MinION (courtesy of Oxford Nanopore Technology)

Nicholas Loman of the University of Birmingham has been following the development of nanopore sequencing since Clive Brown, chief technology officer of Oxford Nanopore Technologies (ONT), announced plans for two nanopore sequencers in 2012.

Loman and others were particularly intrigued by the MinION (pronounced 'min-ion'), a handheld sequencer that could be connected to a laptop via a USB port and promised to deliver reads as long as 100 kilobases in real time. In November 2013, ONT started taking applicants for its MinION Access program, in which Loman and his PhD student Joshua Quick were participants.

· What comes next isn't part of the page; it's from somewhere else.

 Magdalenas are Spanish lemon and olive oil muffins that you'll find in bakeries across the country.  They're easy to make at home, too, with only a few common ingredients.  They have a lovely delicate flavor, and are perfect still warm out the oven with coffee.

The MinION consists of a membrane housing around 500 protein pores that connects two chambers filled with electrolytes and allows a current to flow through. As a DNA molecule passes through the pore, the current is blocked, producing a pattern that is characteristic for each base. The challenge is to measure the current with high enough spatial and temporal resolution to decode each base accurately. In June 2014, Loman and Quick posted a read from their first sample run on the MinION to figshare “simply to show that the instrument could do it,” recalls Loman. “Some people thought it was a physical impossibility to sequence DNA with this method.” But he acknowledges that the quality and accuracy of the read were not great.

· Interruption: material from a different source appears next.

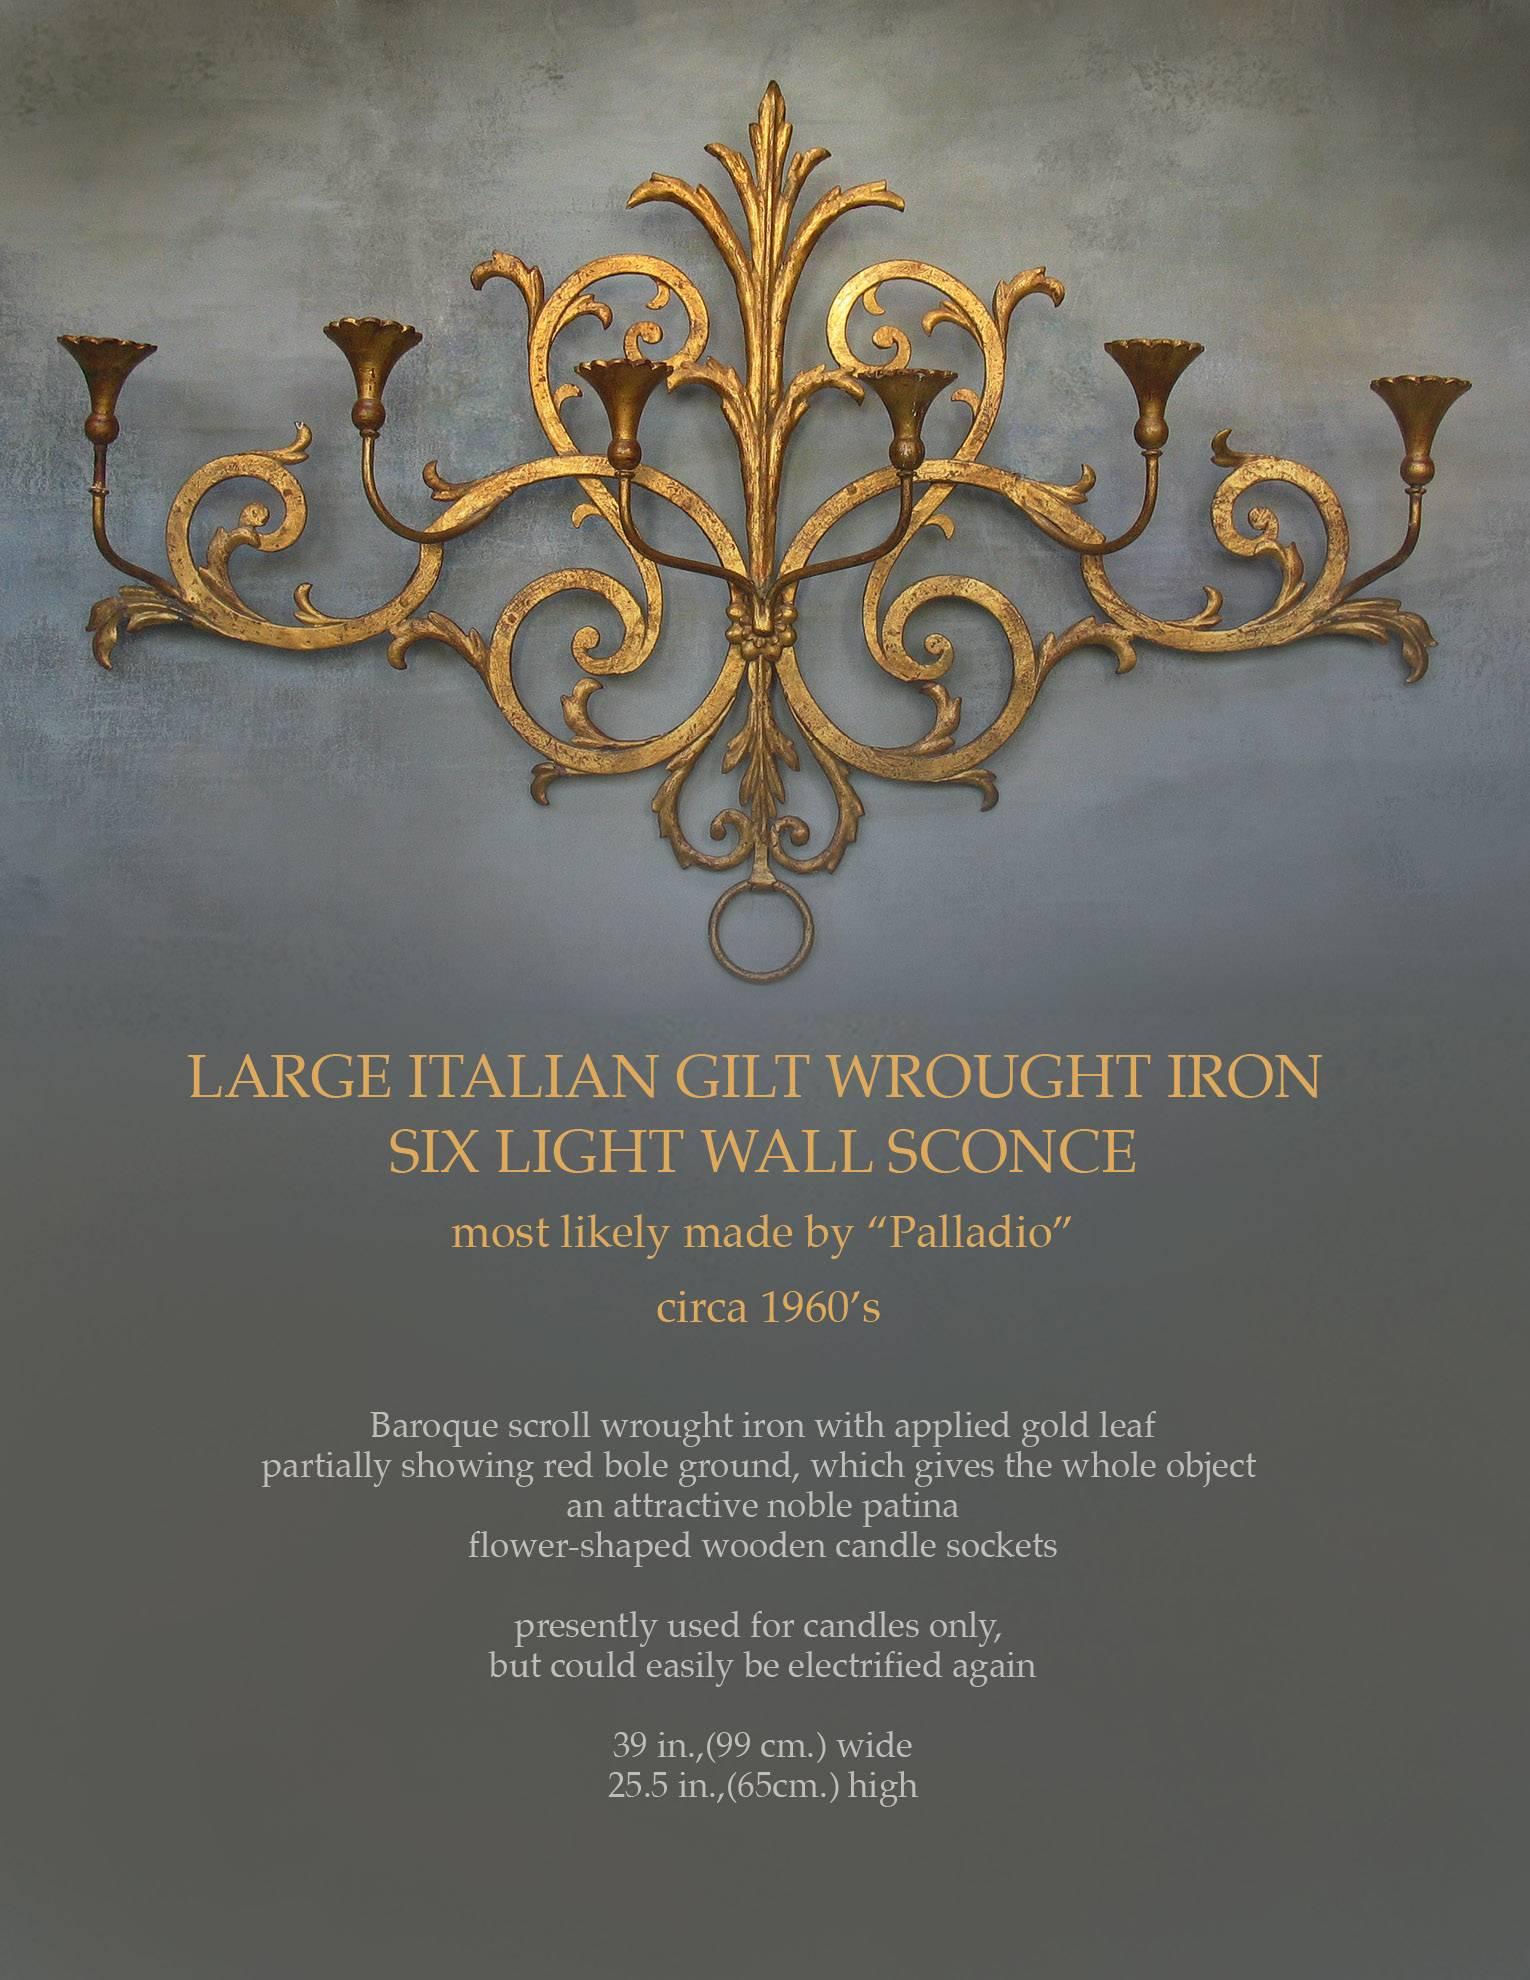 A large Italian gilt wrought iron six-light wall candle sconce, most likely made by

Part of the problem was a suboptimal library preparation method—two enzymes need to be attached to the DNA to facilitate its processing through the pore. In what ONT calls the R6 version of the library prep, a motor protein binds to one end, a hairpin connects the DNA strands and a second motor protein attaches to the hairpin. The purpose of these proteins is to slow the transition down enough for the individual bases to be recorded. The reads of highest accuracy are '2D reads', in which the template strand is sequenced, followed by the hairpin and the minus strand. Poor binding efficiency of the second motor protein to the hairpin reduced the number of 2D reads in the initial MinION sequencing runs.

In September, ONT presented the R7.3 library prep, with the key improvement of having the second motor protein already ligated to the hairpin. With the R7.3 kit in hand, it took Loman and Quick only two weeks to produce data on an Escherichia coli genome and upload it to the GigaDB sequence database (Quick et al., 2014)1. Loman teamed up with Aaron Quinlan of the University of Virginia to write the program Poretools for quality control and downstream analysis (Loman and Quinlan, 2014)2. He hopes that their data will trigger the further development of tools for better alignment, variant calling and de novo assembly.

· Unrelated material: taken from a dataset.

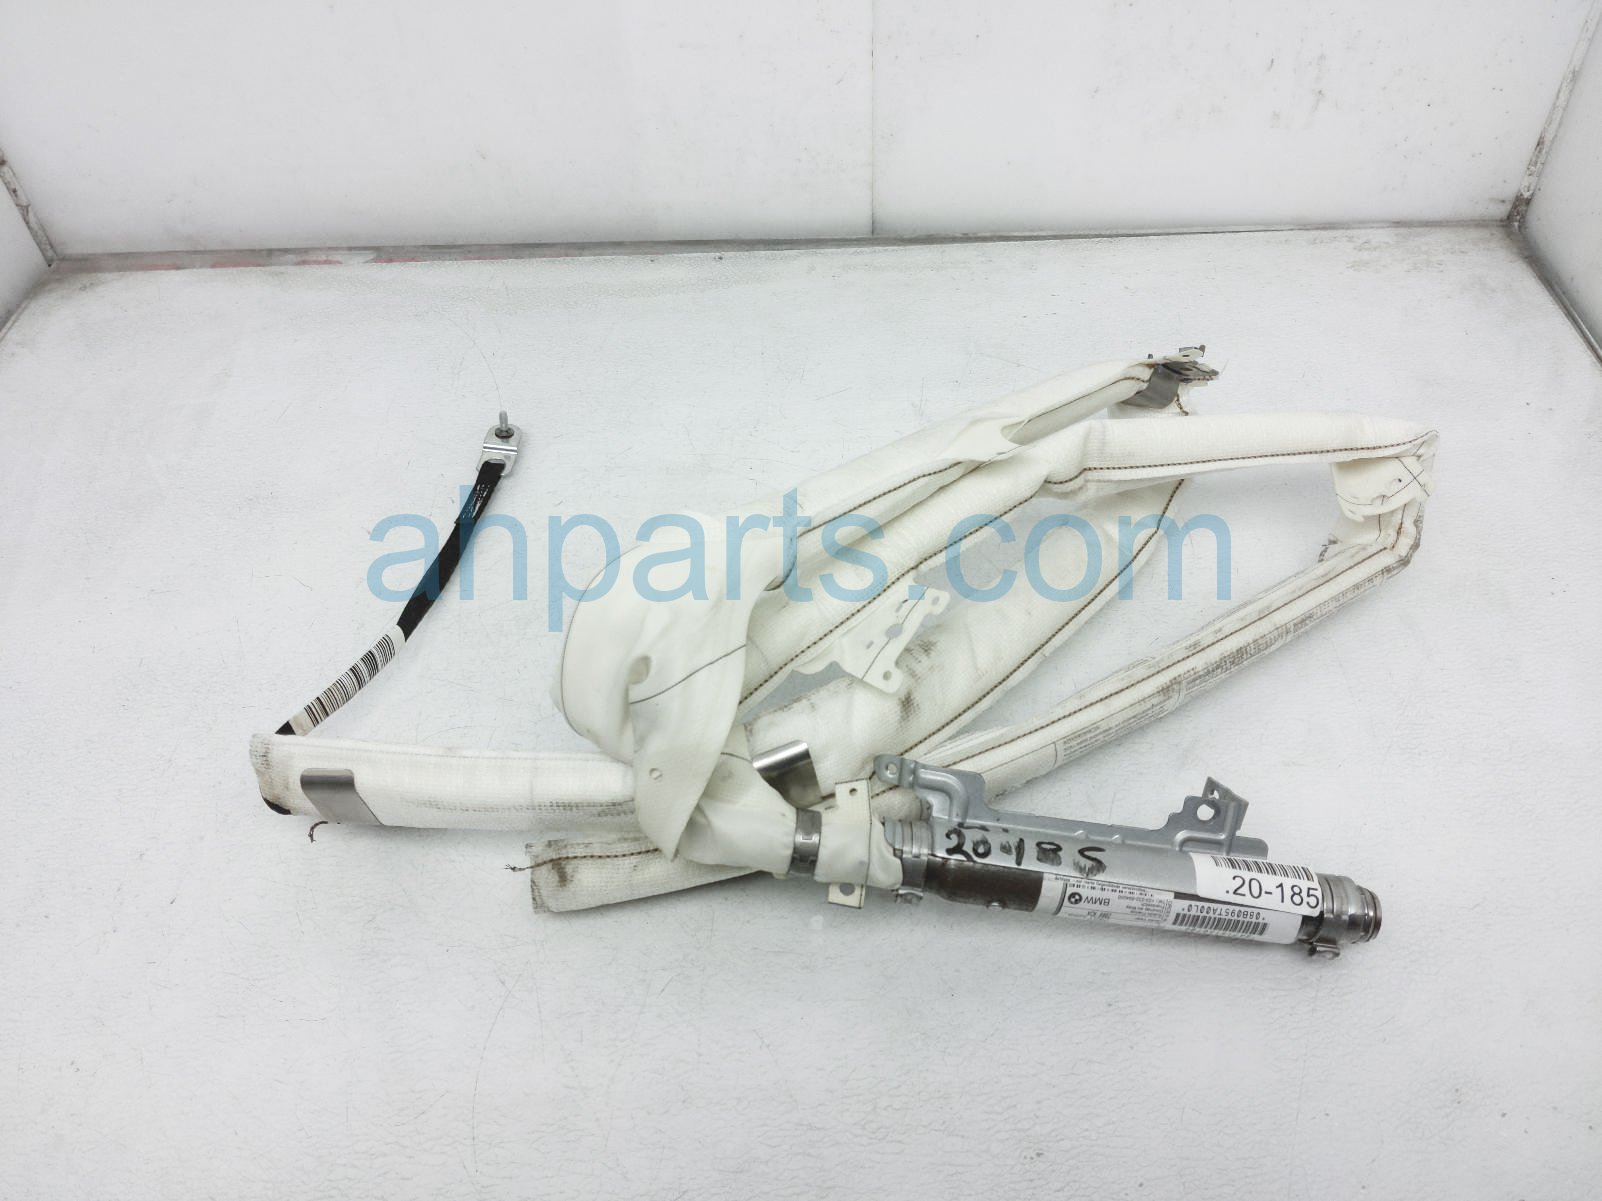 $75 BMW DRIVER ROOF CURTAIN AIRBAG

Loman also predicts that a mixture of different pores on a flowcell may improve the quality of the reads. Accuracy will also increase with the number of 2D reads. At present Loman sees an accuracy of 85% if both strands run through the pore correctly. If only one strand gets through, the accuracy drops to 70%.

Loman deems ONT's handheld device as ideally suited for diagnostics or environmental monitoring that does not rely on very high accuracy. He is also leading efforts to field test the device.